If you have a business in Australia, you will find the tax and employment laws here to be different. For example, the fringe benefits tax (FBT).


A fringe benefit is something offered to an employee by their employer on top of their salary. It can be used to incentivise and reward employees without increasing wages. Employers have to pay Fringe Benefits Tax (FBT) on some benefits they give to their employees or their employees’ family. It is important to find out whether these perks or benefits are subject to fringe benefits tax, so please check with your accountant before you provide this incentive.


Fringe benefits must be non-cash incentives paid on top of salary. Even if the benefit is provided by a third party the employer must pay FBT. Employees can exclude fringe benefits from their taxable income.


Types of fringe benefits subject to tax include:


  • Allowing an employee to use a work car for private purposes

  • Car Parking

  • Giving an employee a discounted loan

  • Paying an employee’s gym membership

  • Providing entertainment by way of free tickets to concerts

  • Giving benefits under a salary sacrifice arrangement with an employee*


*The following work-related items commonly provided in salary sacrifice arrangements are exempt benefits:

· a portable electronic device

· an item of computer software

· an item of protective clothing

· a briefcase

· a tool of trade


The work-related items exemption is limited to:

· items primarily for work-related use

· one item per FBT year for items that have a substantially identical function, unless the item is a replacement item.


The following are not fringe benefits:


  • Shares purchased under approved employee share acquisition schemes

  • Employer contributions to complying super funds

  • Employment termination payments (including for example, the gift or sale at a discount of a company car to an employee on termination)

  • Benefits provided to volunteers and contractors

  • Exempt benefits such as certain benefits provided by religious institutions to their religious practitioners.


Employers can generally claim an income tax deduction for the cost of providing fringe benefits and for the FBT they pay.
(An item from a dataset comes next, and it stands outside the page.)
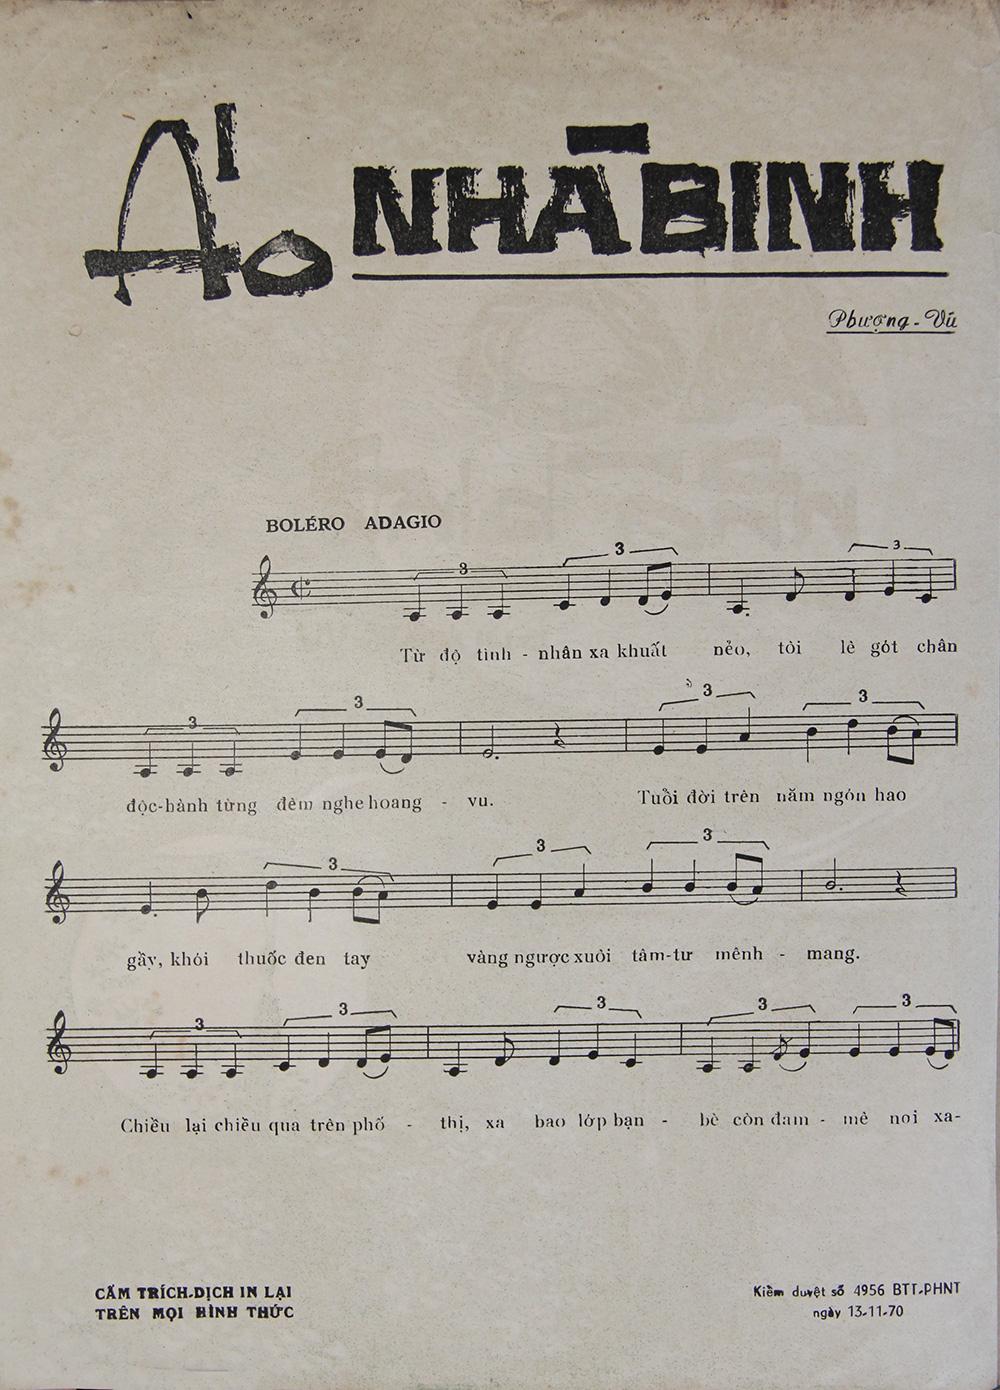 Sheet nhạc bài hát áo nhà binh 2

Employers can also generally claim GST credits for items provided as fringe benefits.


When dealing with employment tax requirements such as FBT, it’s always best to consult an expert. Make sure you have all the right information before you start and always consult your tax agent for any questions or queries. If you need advice on tax matters please contact us at mail@thetaxaccountant.com.au and our agent will be able to help you.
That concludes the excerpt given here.